Your R environment is the collection of all objects (variables, functions, data) currently in memory. Knowing how to inspect and clean it prevents confusion, especially in long analysis sessions.

# List all objects in the current environment
ls()

# Remove a specific object
rm(x)

# Remove multiple objects
rm(x, y, z)

# Remove ALL objects (clean slate)
rm(list = ls())

# Check if an object exists
exists("my_data")   # TRUE or FALSE

# Check memory usage
object.size(mtcars) |> format(units = "KB")  # "7 Kb"

2.12 tibble vs. data.frame: A Deeper Look

Tibbles (from the tibble package, part of tidyverse) are an improved version of data frames. The differences are subtle but important for everyday work.

library(tibble)

# Create a tibble
tbl <- tibble(
  name  = c("Alice", "Bob", "Carol"),
  score = c(91.5, 87.2, 94.0)
)

# Key differences from data.frame:
# 1. Never converts strings to factors
class(tbl$name)       # "character" (data.frame might give "factor" in old R)

# 2. Prints nicely — shows dimensions, column types, only first 10 rows
tbl                    # compact display with type annotations

# 3. Stricter subsetting — [ always returns a tibble
tbl[, "name"]         # still a tibble (data.frame would drop to vector)

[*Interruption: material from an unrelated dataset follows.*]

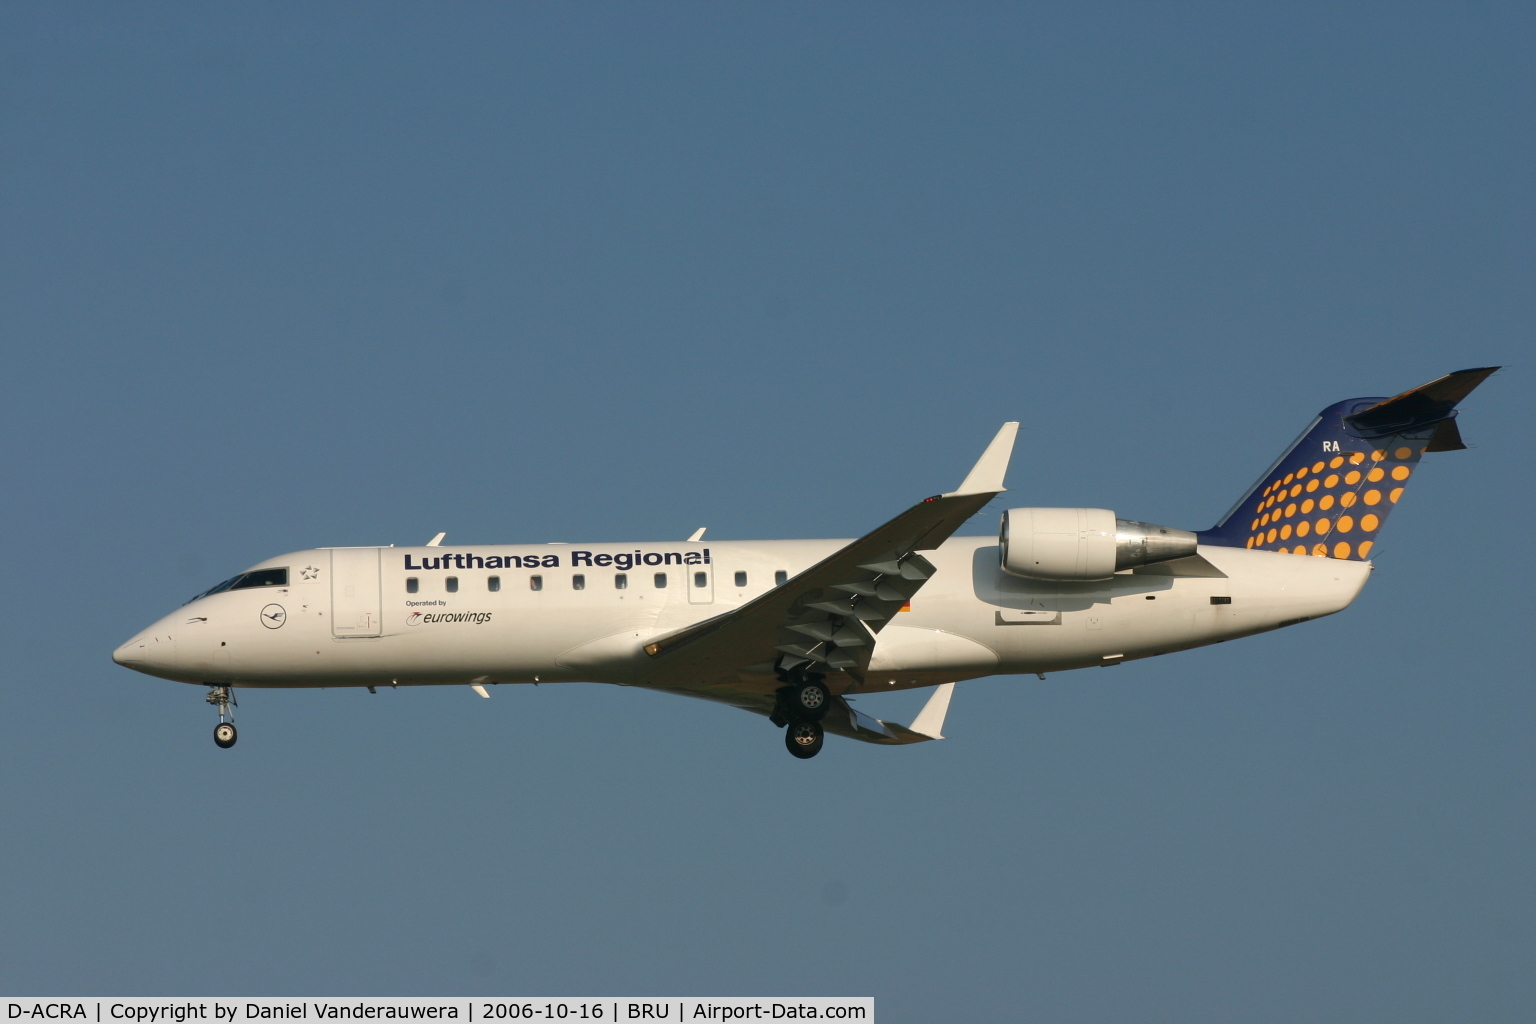 D-ACRA, Canadair CRJ-200ER (CL-600-2B19) C/N 7567, new livery for this Eurowings aircraft (LH Regional)

# 4. No partial matching on column names
# tbl$na   — would give NULL with warning (data.frame might match "name")

# Convert between the two
as_tibble(mtcars)      # data.frame to tibble
as.data.frame(tbl)     # tibble to data.frame
When to use which? Use tibbles for interactive analysis and tidyverse pipelines. Use base data.frame when writing packages or code that must work without any dependencies. Many functions accept both interchangeably.

2.13 Useful Inspection Functions

FunctionPurpose
str(x)Compact display of structure
class(x)High-level type ("data.frame", "list", etc.)
typeof(x)Internal storage type ("double", "character")
length(x)Number of elements (or columns for df)
dim(x)Rows and columns
summary(x)Quick statistical summary
head(x, n)First n elements/rows

Exercises

Exercise 2.1

Create a named vector temps with temperatures for Monday through Friday: 72, 68, 75, 80, 77. Extract only the days where temperature exceeds 74 using logical indexing.

Exercise 2.2

Build a data frame called products with columns: name (3 product names), price (numeric), and category (factor with levels "electronics", "clothing", "food"). Use str() to verify the types. Then extract only rows where price is above the median price.

Exercise 2.3

Create a matrix of exam scores: 4 students (rows) by 3 subjects (columns). Use apply() to compute each student's average score across subjects and each subject's average across students. Which student performed best overall? Which subject had the highest average?

Exercise 2.4

Create a vector x <- c(3, NA, 7, NaN, 12, NA, 5). (a) How many NA values does it contain? (Use sum(is.na(x)).) (b) Compute the mean, ignoring missing values. (c) Use which() to find the positions of the missing values. (d) Replace all NA values with the mean of the non-missing values (this is called imputation).